- ASSIGNED TASK:
Copy out the listing in full, exactly as written, but not its pictures.

- DATA SECTION:
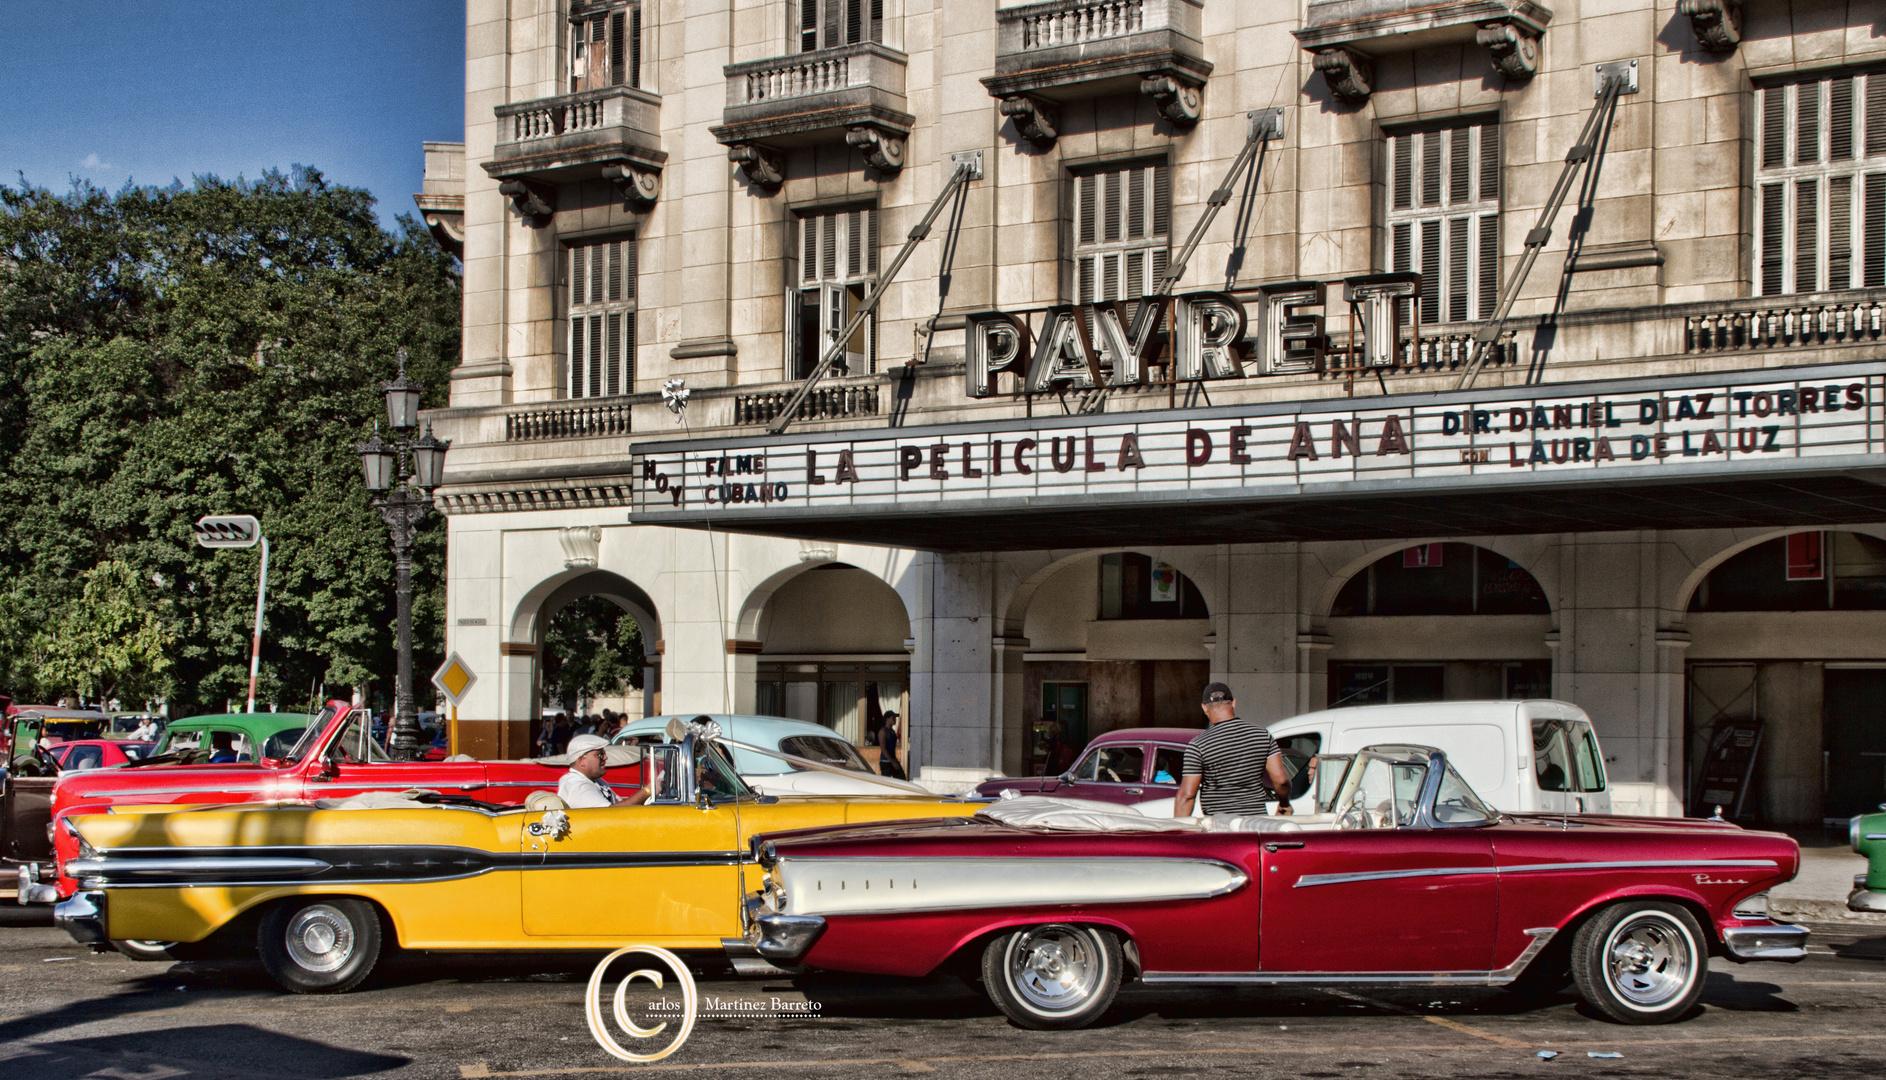 El Payret en mi Habana
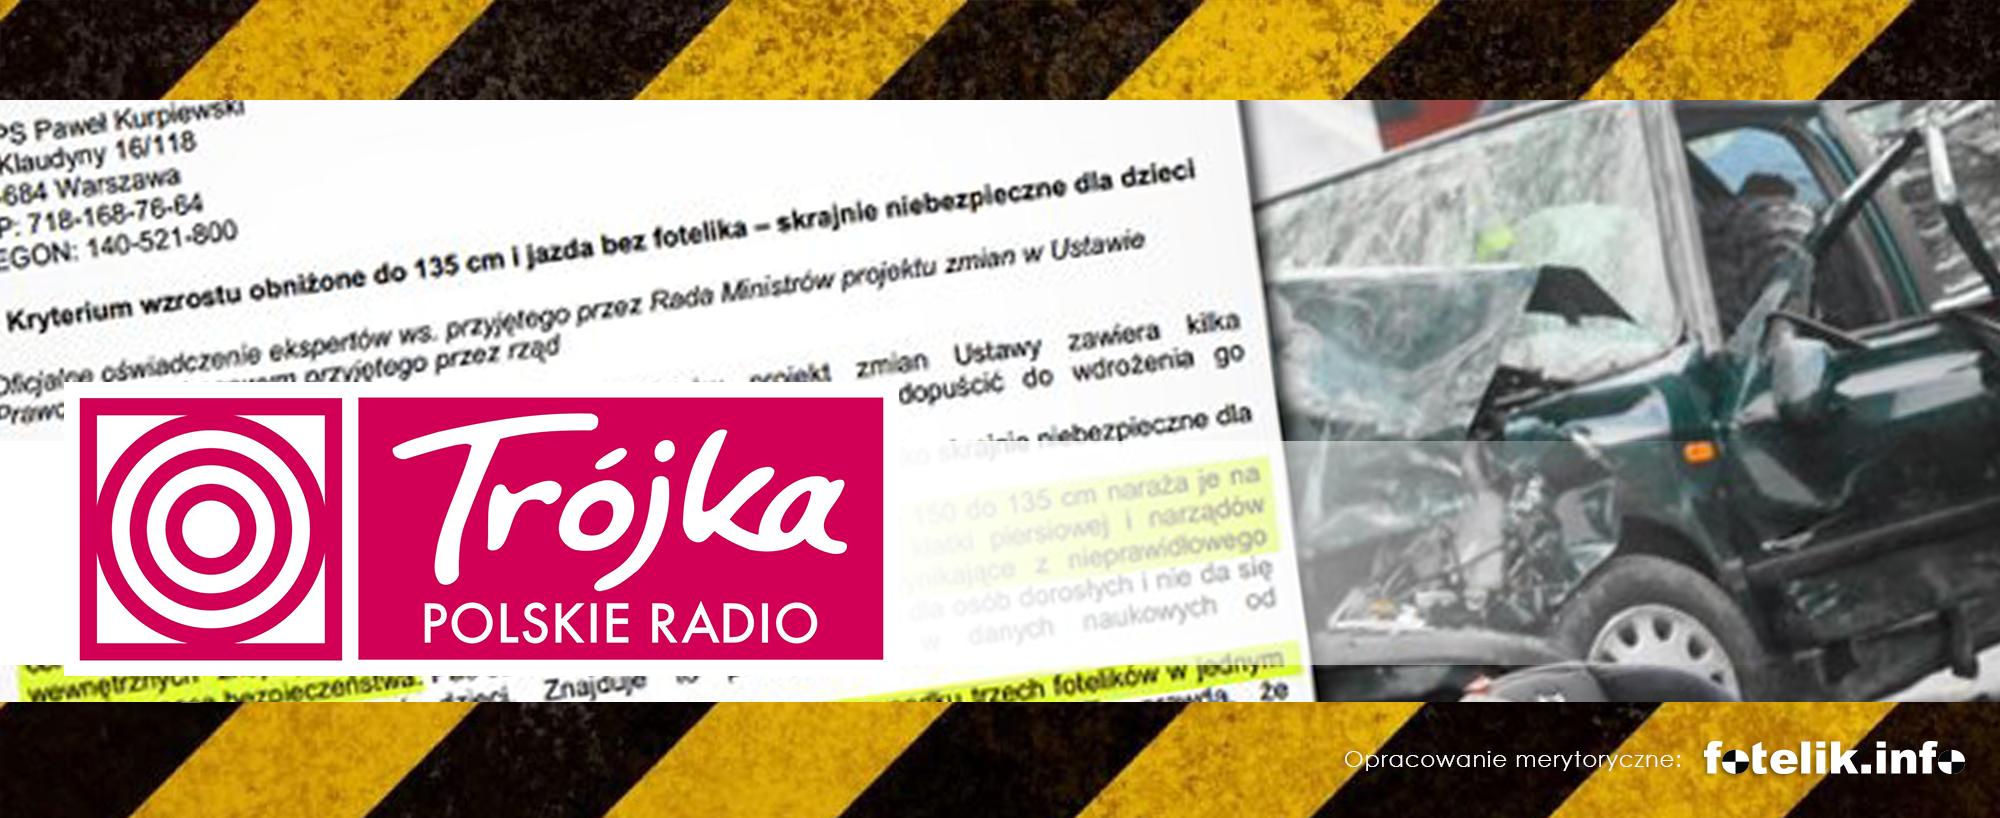 Paweł Kurpiewski w audycji porannej w PR3: 135 cm wzrostu i jazda bez fotelika to śmiertelnie niebezpieczny pomysł!
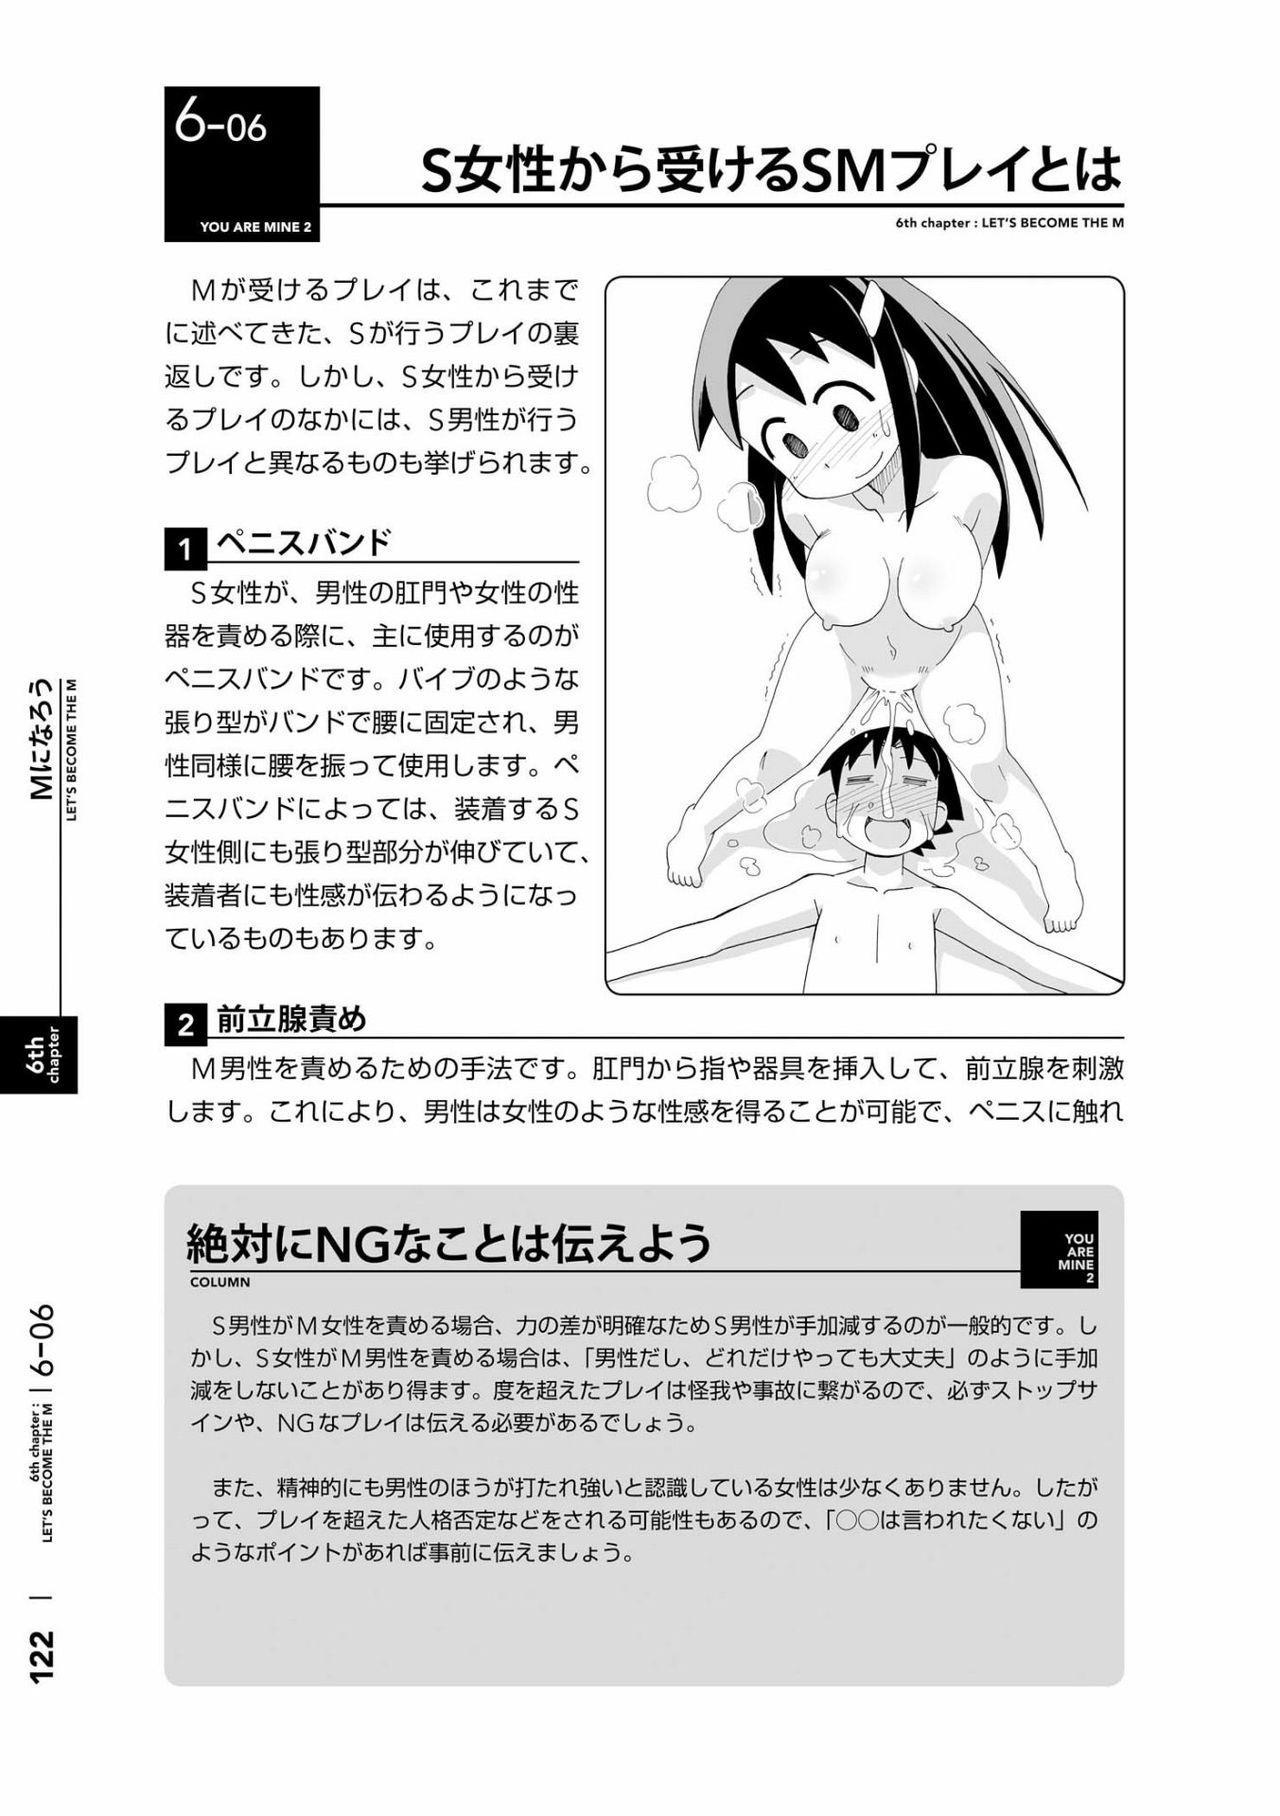 [Mitsuba] Karada mo Kokoro mo Boku no Mono ~Hajimete no SM Guide~ 2 [Digital] 124

- RESPONSE:
 El Payret en mi Habana
 Paweł Kurpiewski w audycji porannej w PR3: 135 cm wzrostu i jazda bez fotelika to śmiertelnie niebezpieczny pomysł!
 [Mitsuba] Karada mo Kokoro mo Boku no Mono ~Hajimete no SM Guide~ 2 [Digital] 124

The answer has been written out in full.